→ Work to be completed: Copy the data below exactly, omitting any picture it contains.

→ Dataset excerpt:

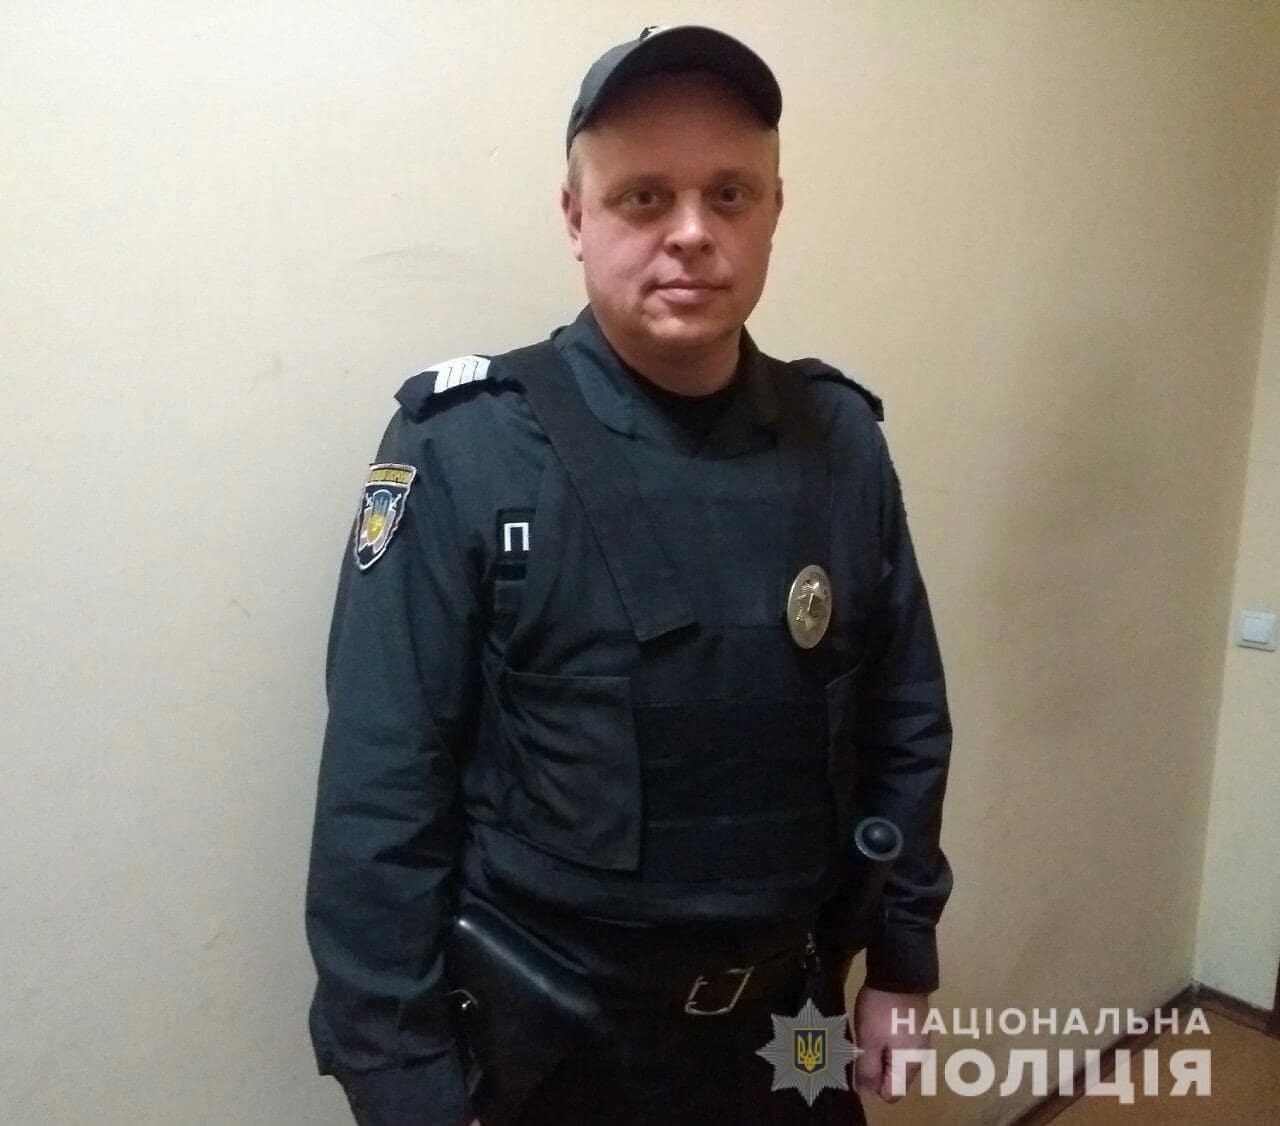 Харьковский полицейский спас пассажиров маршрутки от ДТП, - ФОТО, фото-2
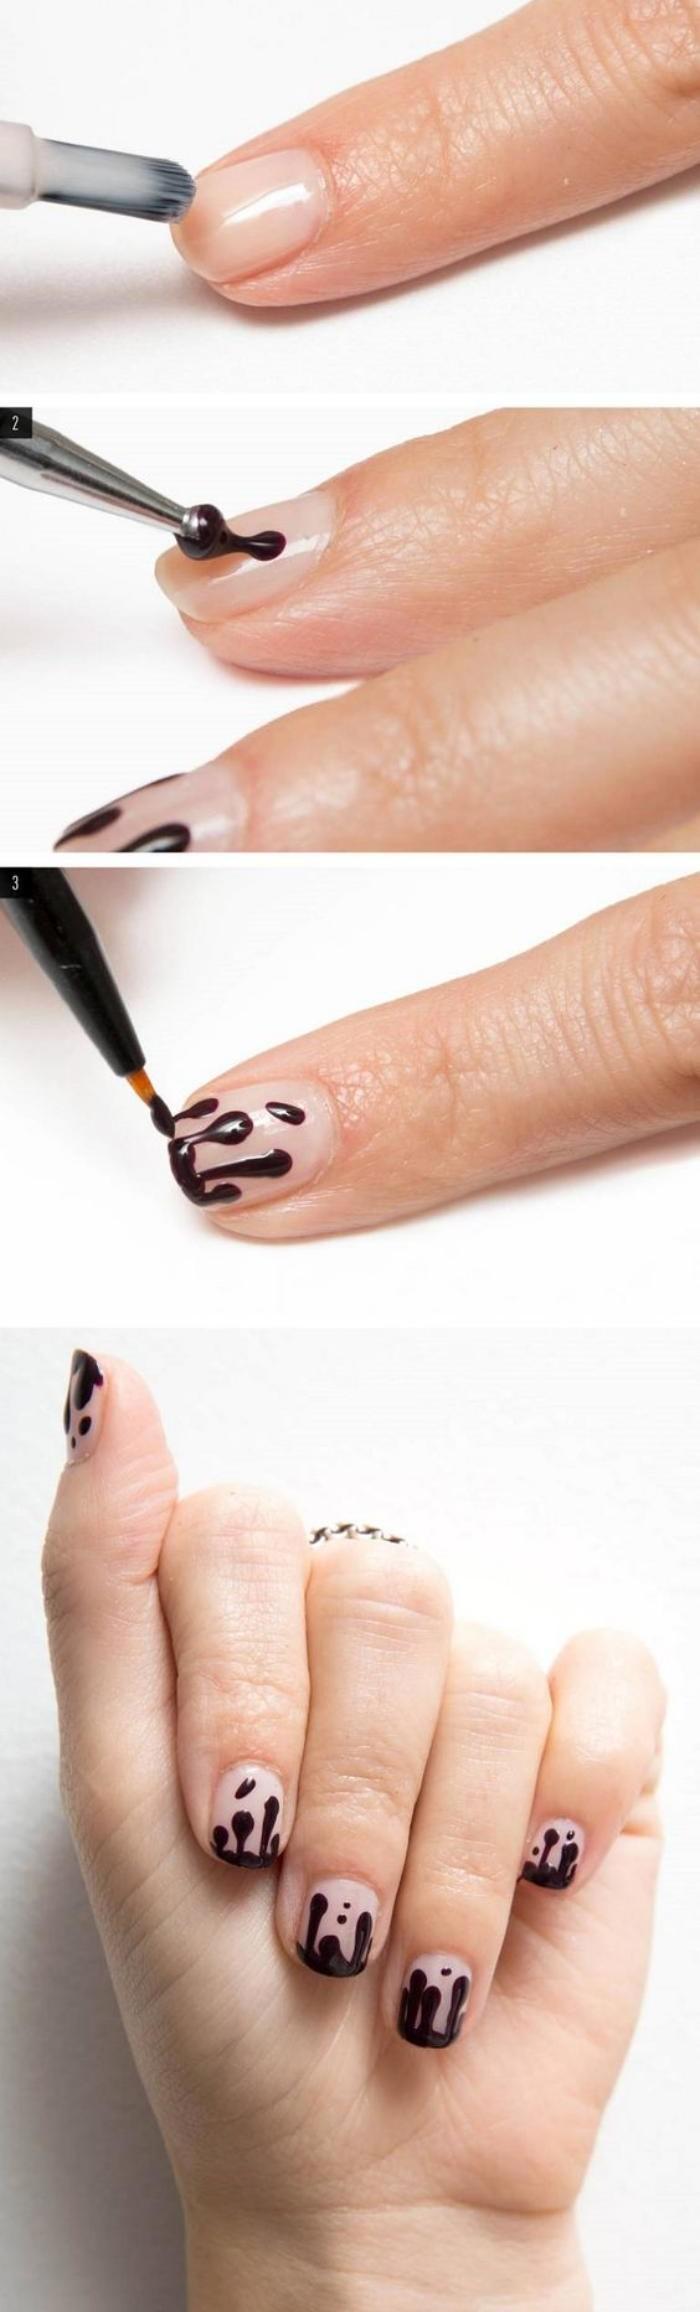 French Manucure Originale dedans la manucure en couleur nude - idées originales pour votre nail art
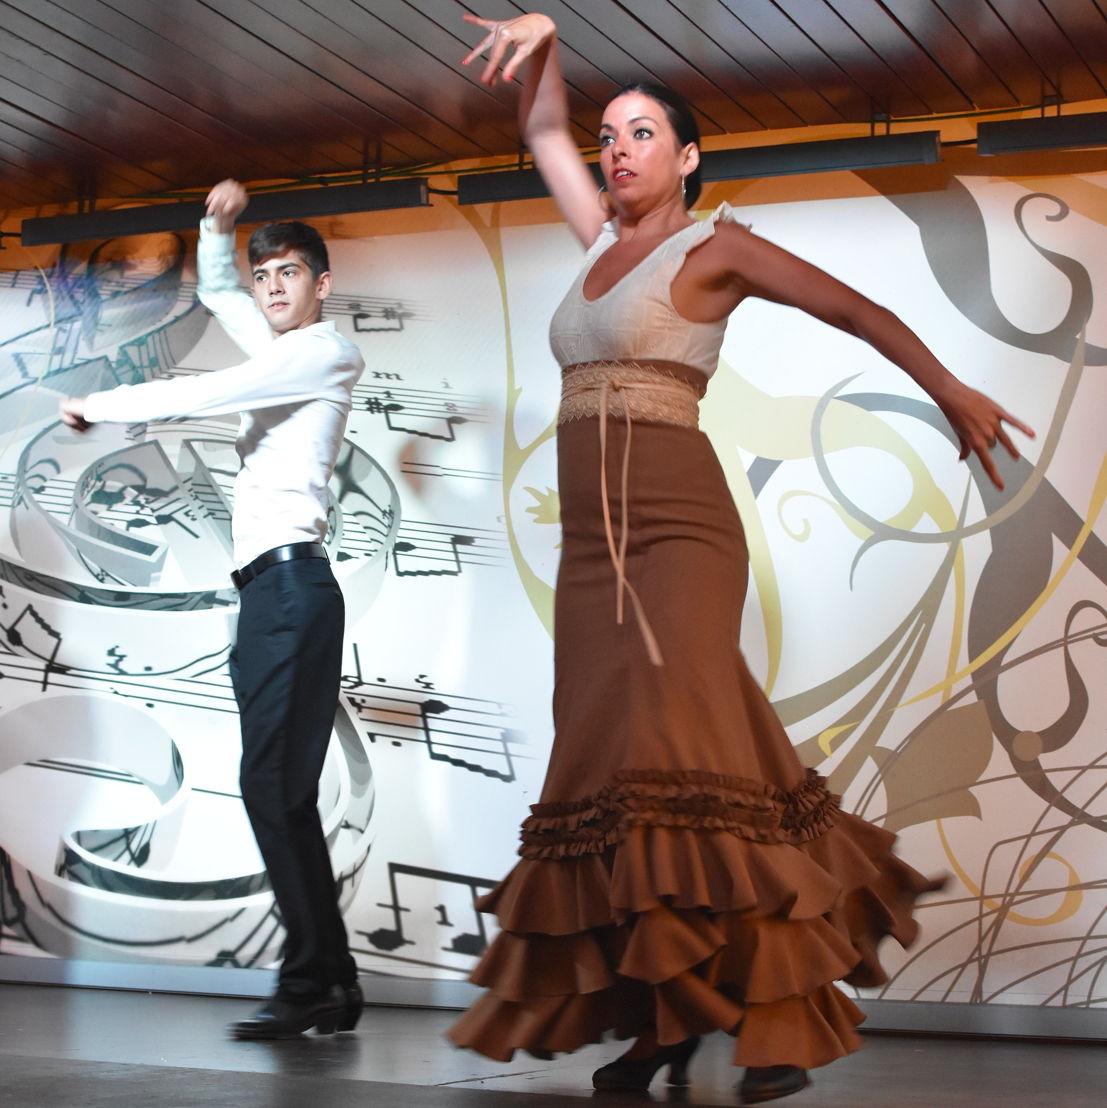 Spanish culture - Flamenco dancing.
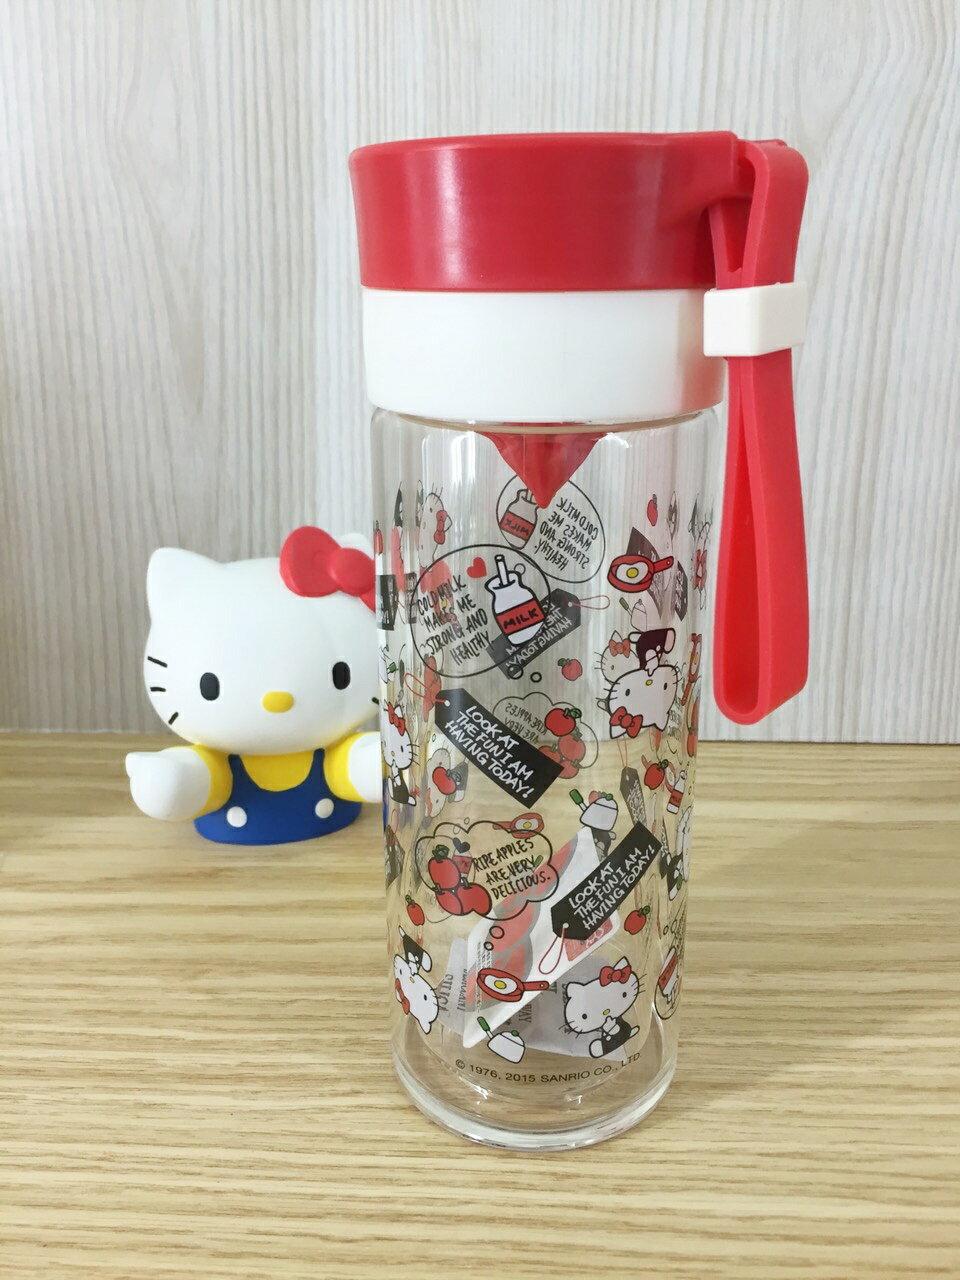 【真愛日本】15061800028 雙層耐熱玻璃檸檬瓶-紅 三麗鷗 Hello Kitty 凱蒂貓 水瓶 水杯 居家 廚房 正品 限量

→ Output:
 Харьковский полицейский спас пассажиров маршрутки от ДТП, - ФОТО, фото-2
 French Manucure Originale dedans la manucure en couleur nude - idées originales pour votre nail art
 Spanish culture - Flamenco dancing.
 【真愛日本】15061800028 雙層耐熱玻璃檸檬瓶-紅 三麗鷗 Hello Kitty 凱蒂貓 水瓶 水杯 居家 廚房 正品 限量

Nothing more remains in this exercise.